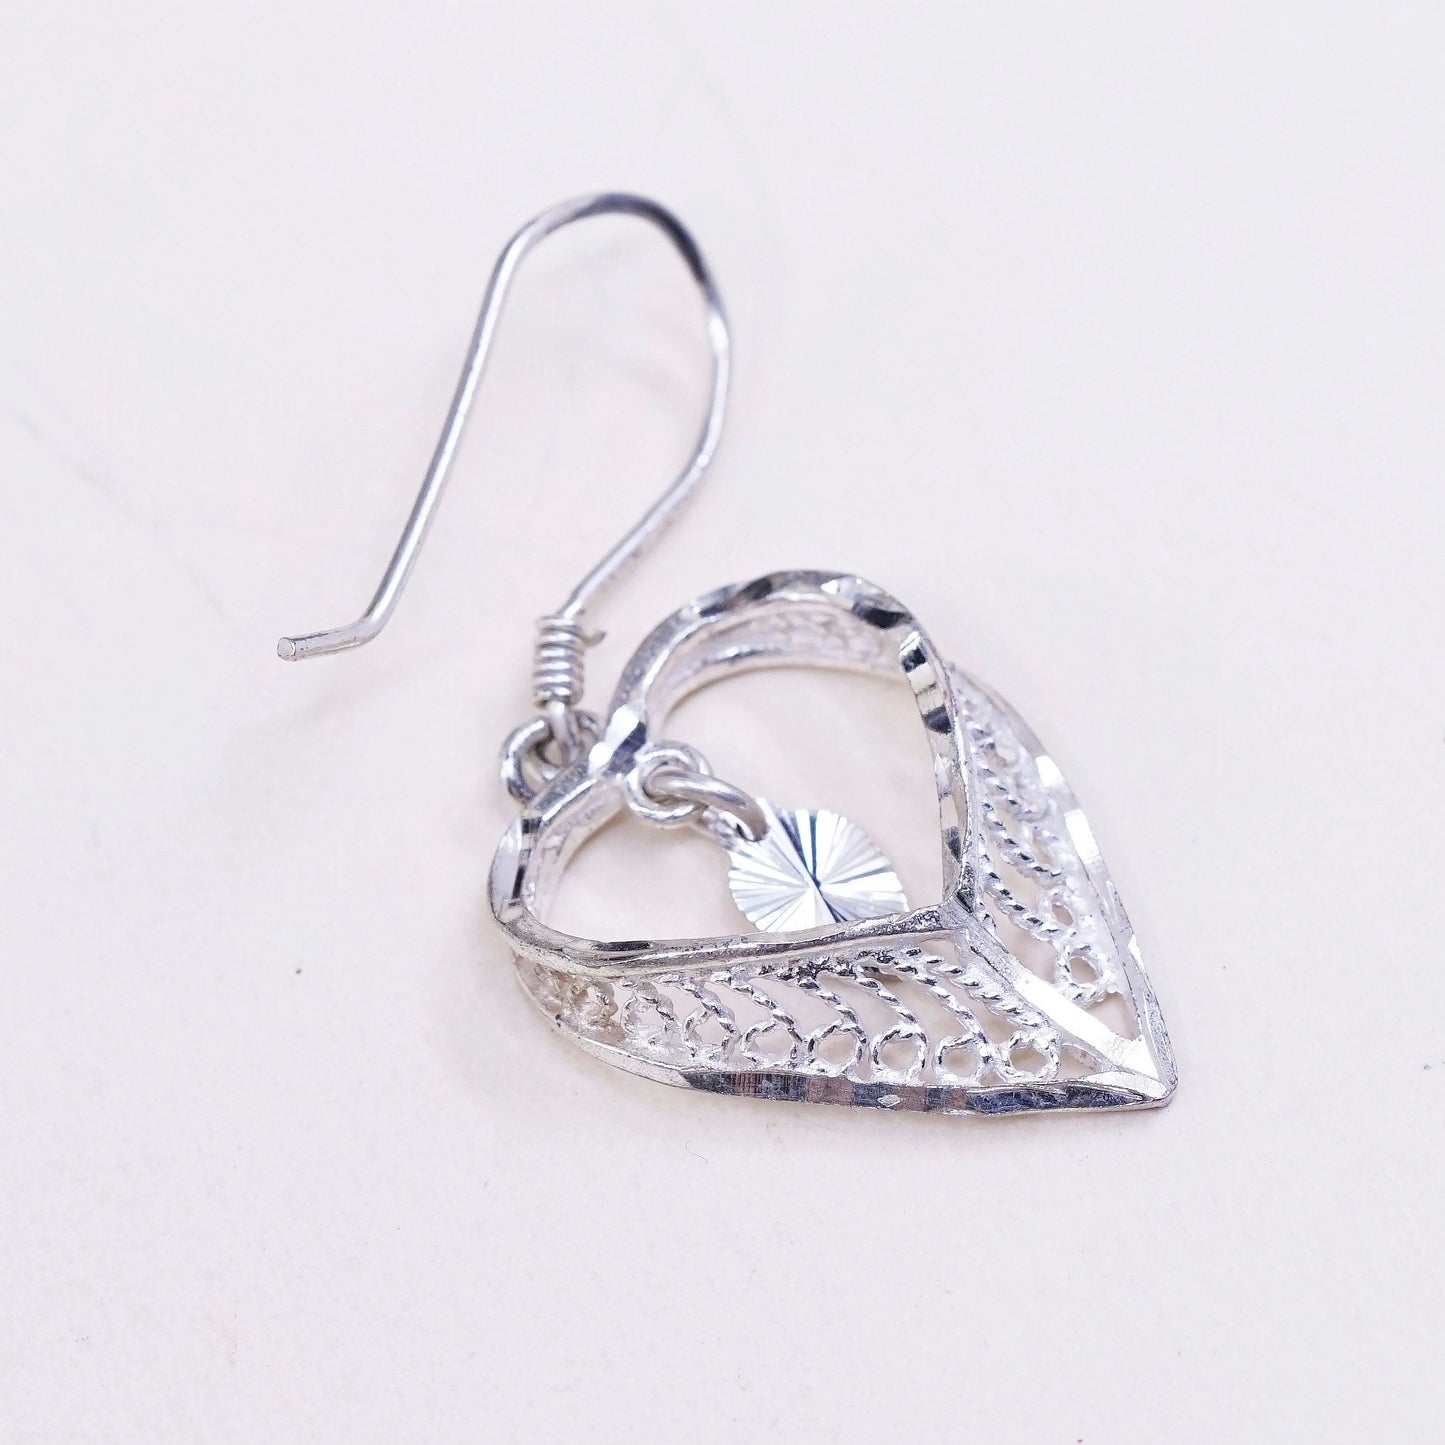 Vintage sterling silver handmade earrings 925 filigree heart
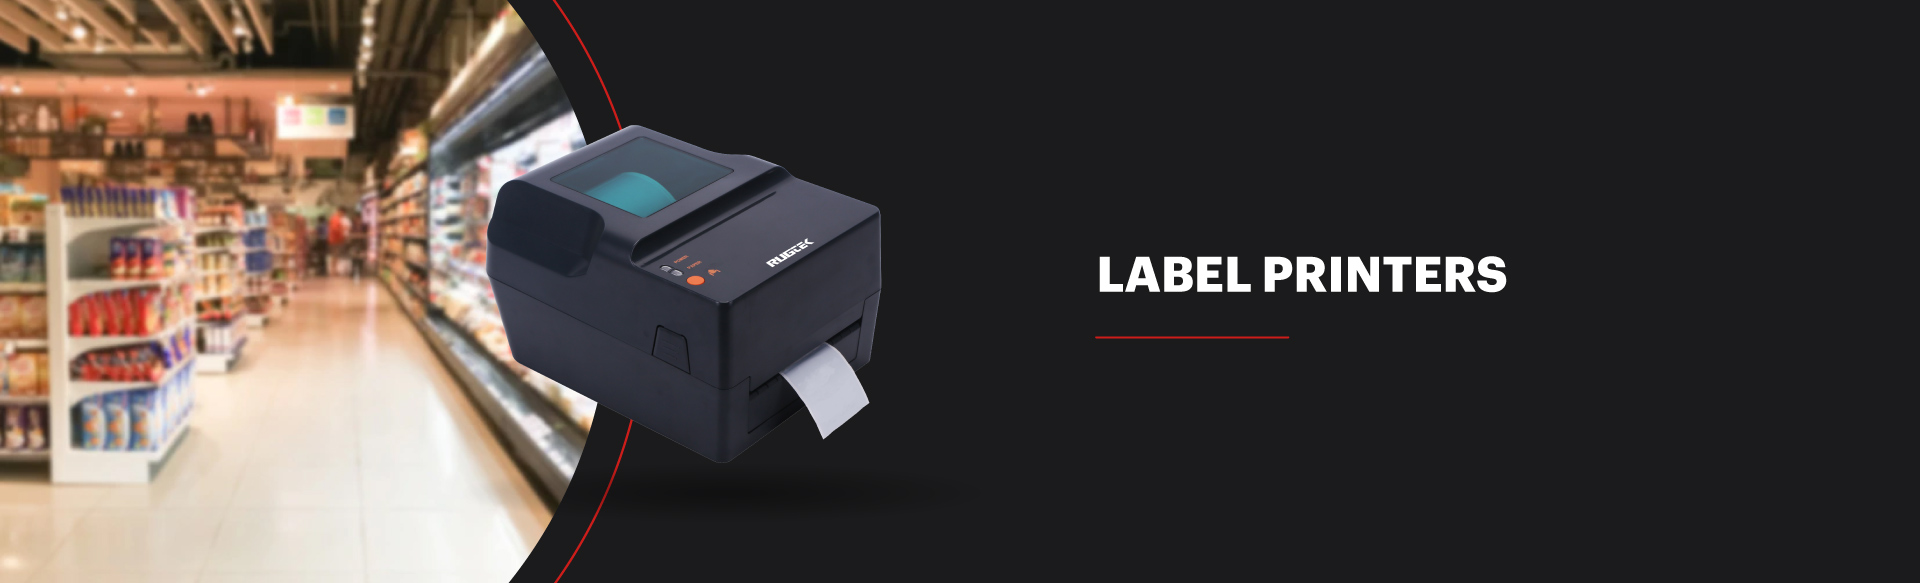 Label Printers | Portable Label Printer | Pos Machine | Rugtek
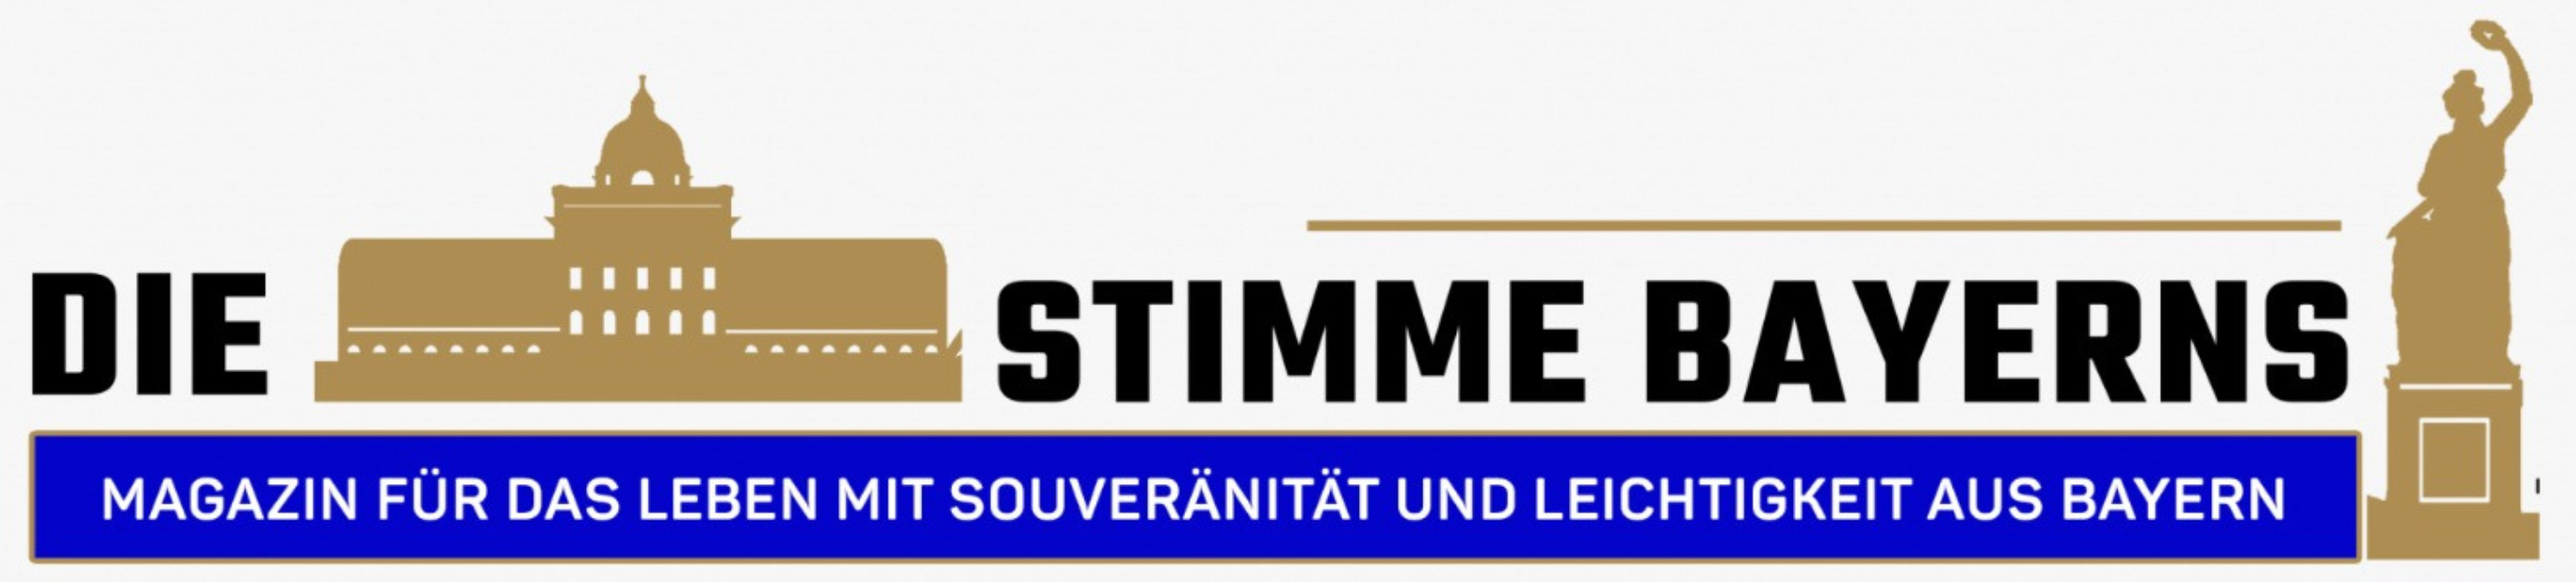 cropped-die-stimme-bayerns-logo.png
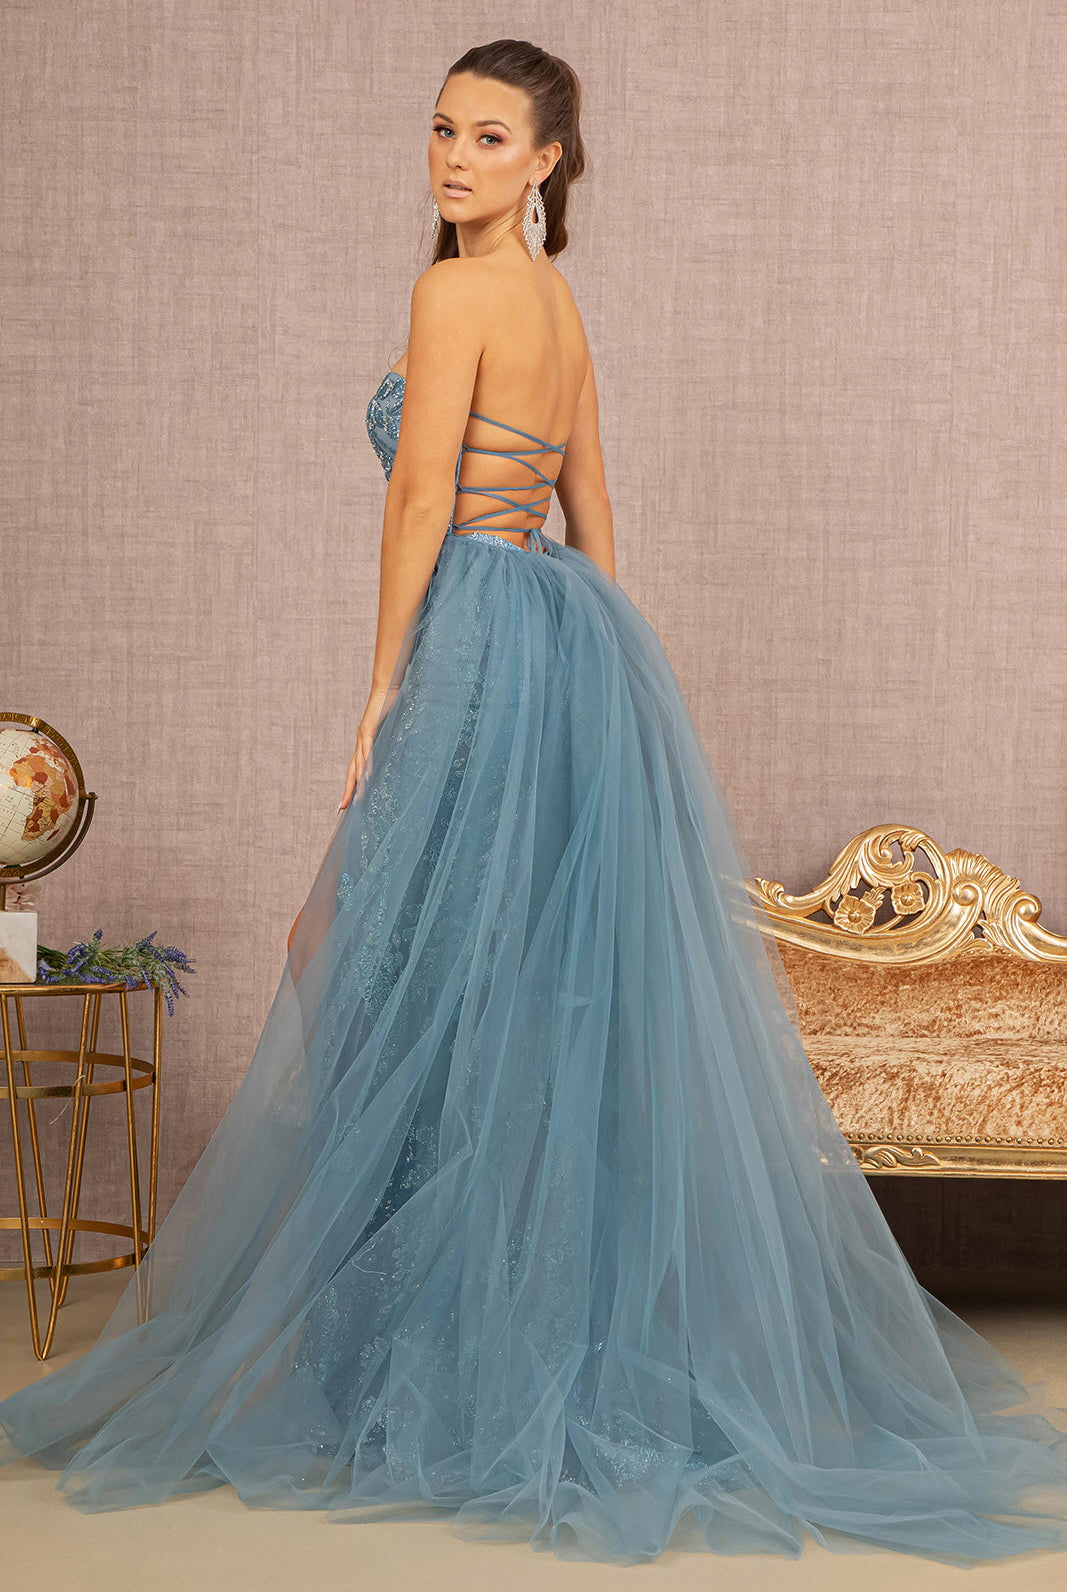 Sweetheart Jewel Glitter Mermaid Dress Detachable Mesh Layer GLGL3156-PROM-smcfashion.com
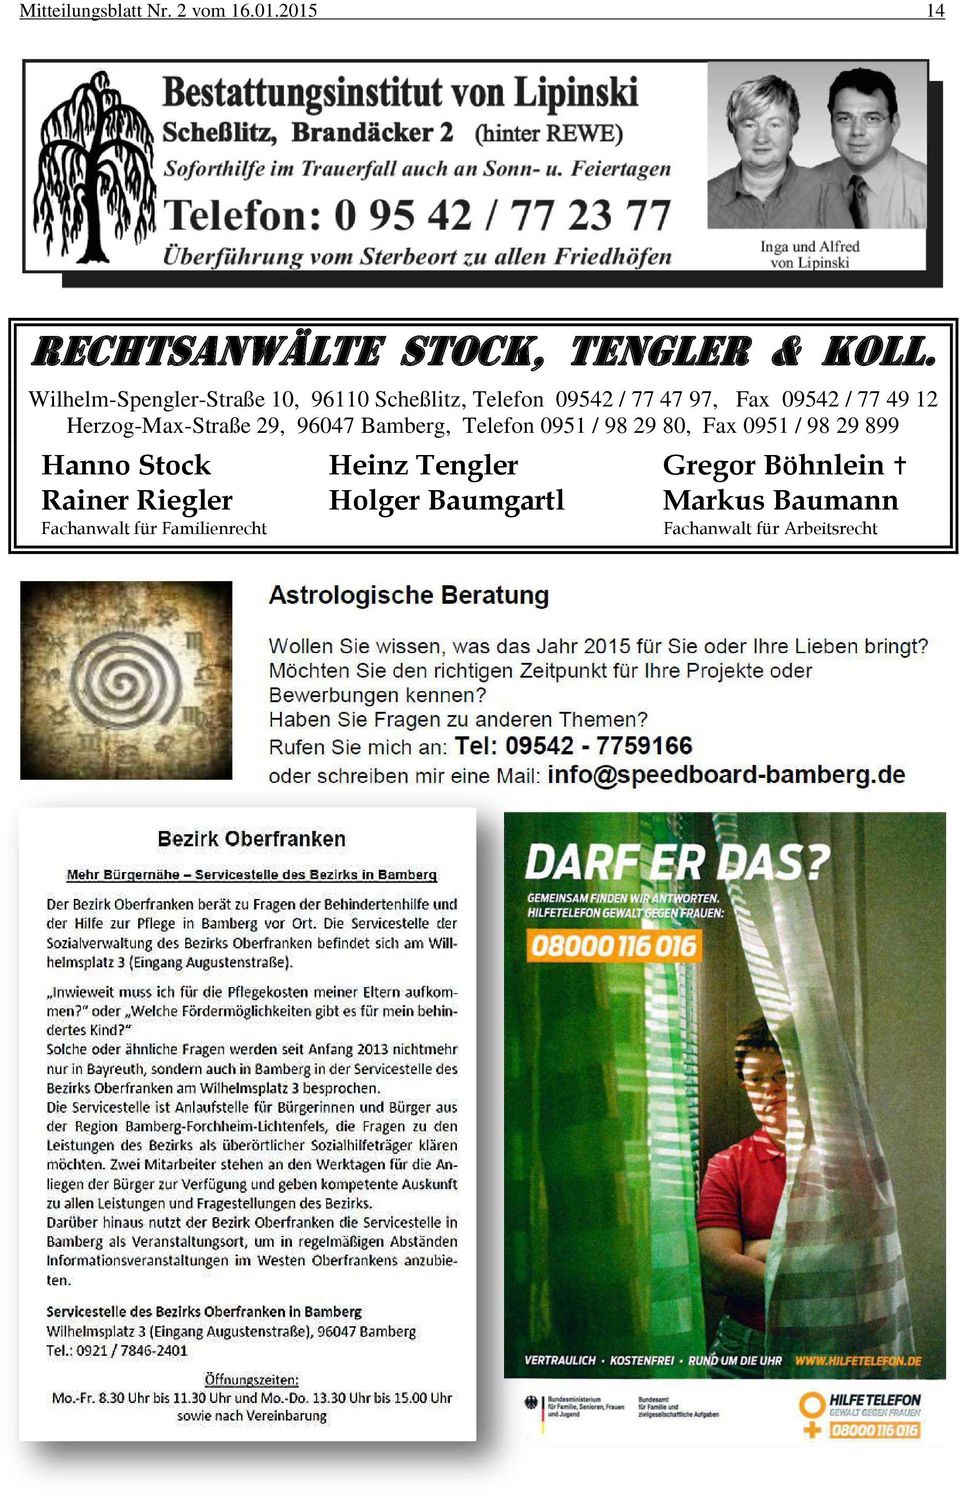 Herzog-Max-Straße 29, 96047 Bamberg, Telefon 0951 / 98 29 80, Fax 0951 / 98 29 899 Hanno Stock
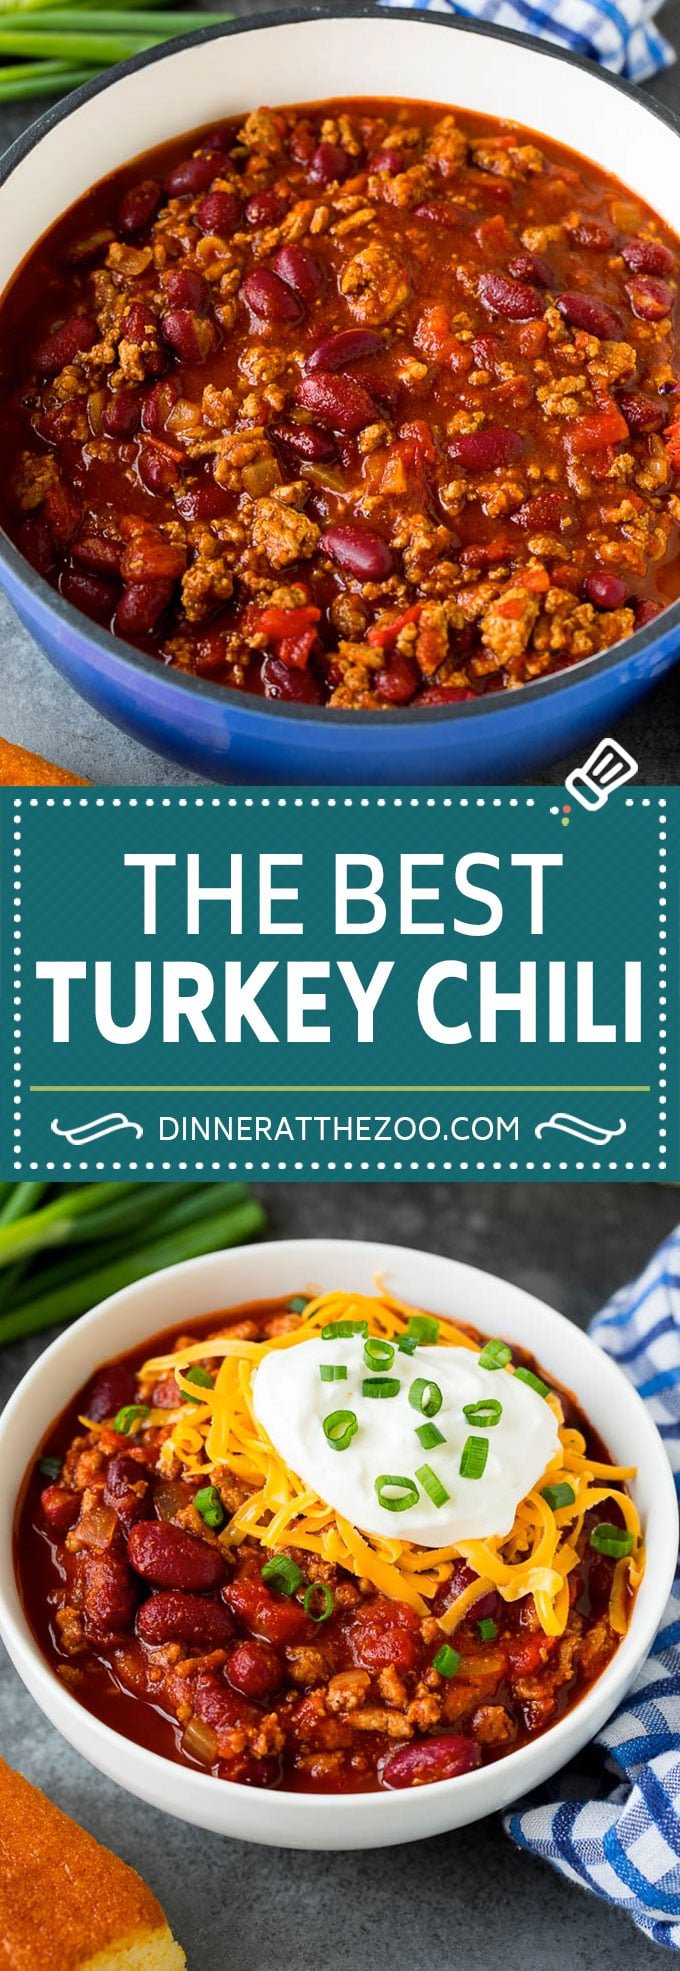 Turkey Chili Recipe #turkey #chili #dinner #dinneratthezoo
_ _ _ _
### Activity
Write the lines above out again exactly, excluding every picture.

### Problem solution
 Vintage sterling silver handmade earrings 925 filigree heart
 Label Printers | Portable Label Printer | Pos Machine | Rugtek
 cropped-die-stimme-bayerns-logo.png
 Sweetheart Jewel Glitter Mermaid Dress Detachable Mesh Layer GLGL3156-PROM-smcfashion.com
 Herzog-Max-Straße 29, 96047 Bamberg, Telefon 0951 / 98 29 80, Fax 0951 / 98 29 899 Hanno Stock
 Turkey Chili Recipe #turkey #chili #dinner #dinneratthezoo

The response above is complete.